Eucharist: Answer to Ecological Concerns

It would be true to say that almost every section of the Eucharist, if celebrated meaningfully would have something to say about the ecological concerns of our day. Our very gathering together for Eucharist should remind us that we cannot come empty-handed but that we gather also as the 'stewards' of Creation. We cannot afford to leave the concerns of the world behind as we go to 'meet' or encounter our God. When we seek to praise God for the gift of forgiveness, we would need to include our sins against Nature among those that he has forgiven. However, it would help if at least some times we did specifically recall our sins against Nature, at least in order that we do something to rectify the sinful use we have been making of Nature's gifts and thus restore the balance.

During the liturgy of the Word, it would be important to pay attention to references to Nature and creation, as these are often called to be witnesses to the sins of Israel. Again we would benefit from noticing how Jesus referred to things of Nature to enhance his teaching. At the end of the readings we are called to answer the question: 'Have you seen how much I love you?' as shown in the readings of the day. At this time it would be helpful to note how God shows his love often through Creation around us. The recalcitrant Jonah was protected from the blazing sun's rays by a castor-oil tree. Ravens fed Elijah as he wallowed in his depression because of the persecution of Jezebel. We might be surprised to see the numerous references to Nature as part of God's revelation of his love for us.

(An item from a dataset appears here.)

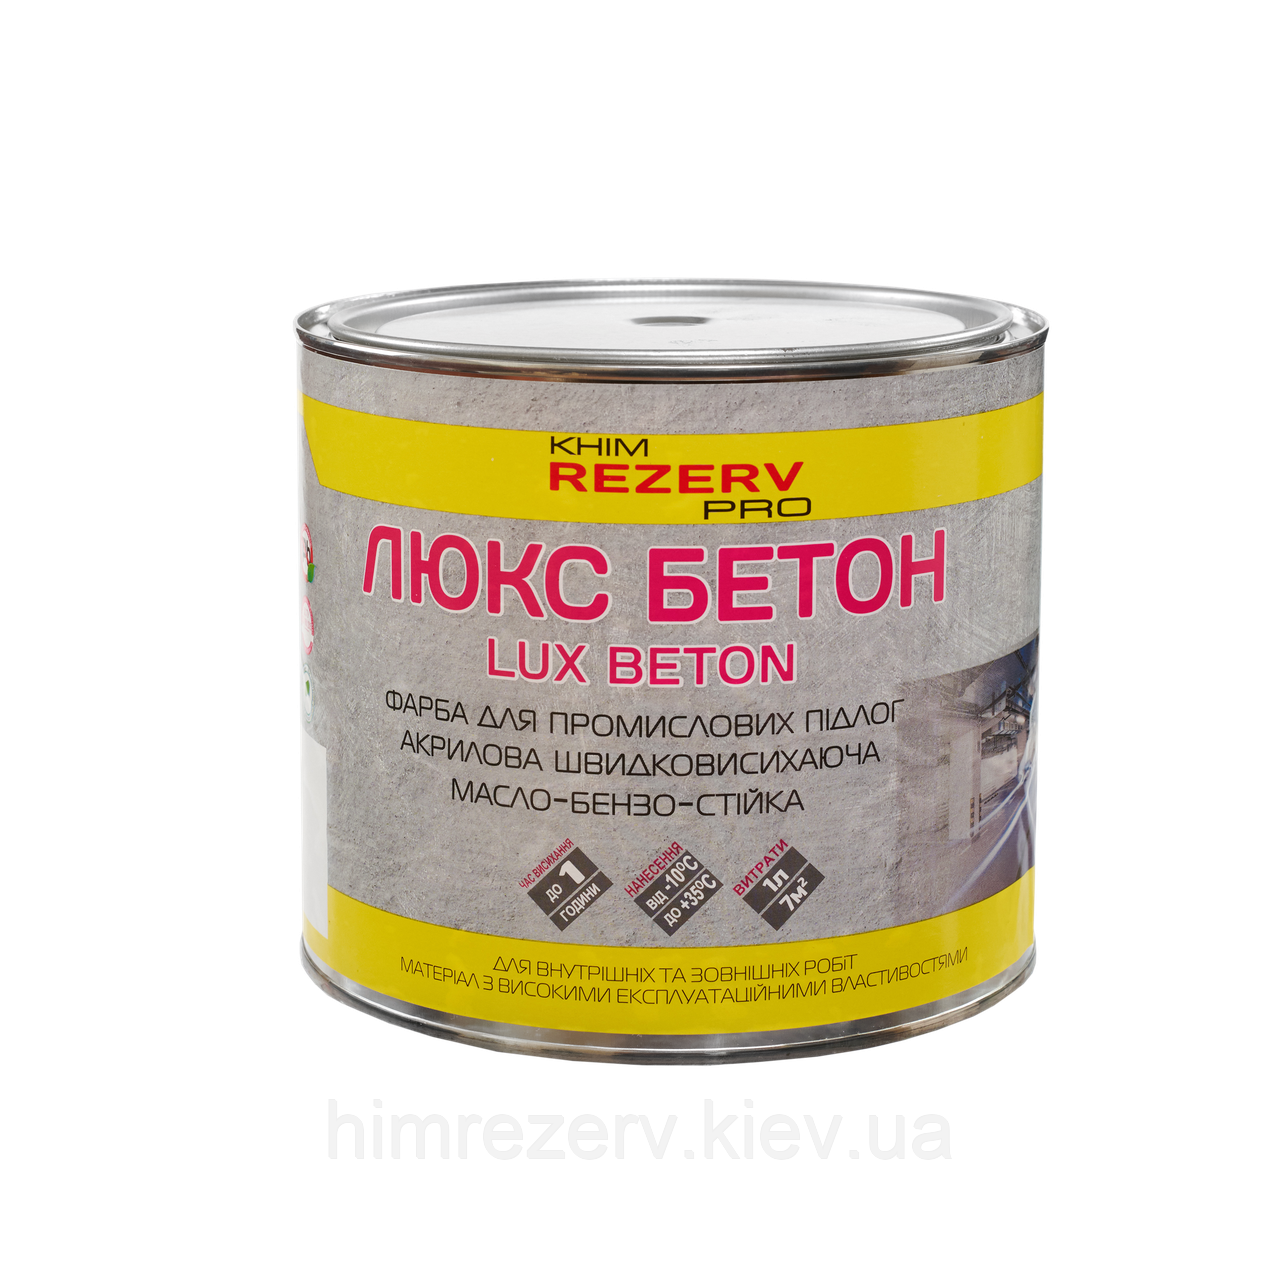 Фарба для бетонних підлог "Люкс-Бетон" KhimrezervPRO 2.7кг кольори в асортименті

While the gifts are being presented, we could spend some time reflecting how the bread and wine really represent the whole of creation and its blessings to us human beings. We could also see how people have harnessed the forces of Nature to obtain blessings for themselves. Included in this could be some of the modern achievements of Science and Technology whereby the benefits of Nature are made available to people at large. We could also remember the persons responsible for these advancements and pray for them, offer their efforts in thanksgiving to the Lord. 


Since the Eucharist is the source and summit of our Christian life, it must include everything that forms part of human existence here on earth. And Nature certainly has an important role to play in our life in a thousand different ways. Our spirituality today reminds us that we should be grateful for all that God has given us even through Nature, we need to look at things positively using all these gifts as stewards of creation and not as their sole possessors or owners. Stewardship implies that some day we would have to give an account of our ministrations, not only to God from whom all good things come, but also to our brothers and sisters and the generations of human beings who will follow us. The use of bread and wine as 'instruments' for the real presence of Jesus in the Eucharist forces us to reflect that we cannot afford to act as if Nature belongs to us to use or abuse according to our whims and fancies. Nature too, like humans, is ordained to a higher purpose by our Creator.

Celebrating Eucharist as the source and summit, while remembering our status as 'priests' of Nature would help us keep the proper balance not only for ourselves but also for the benefit of all around us. 

Care for the earth and make it your own!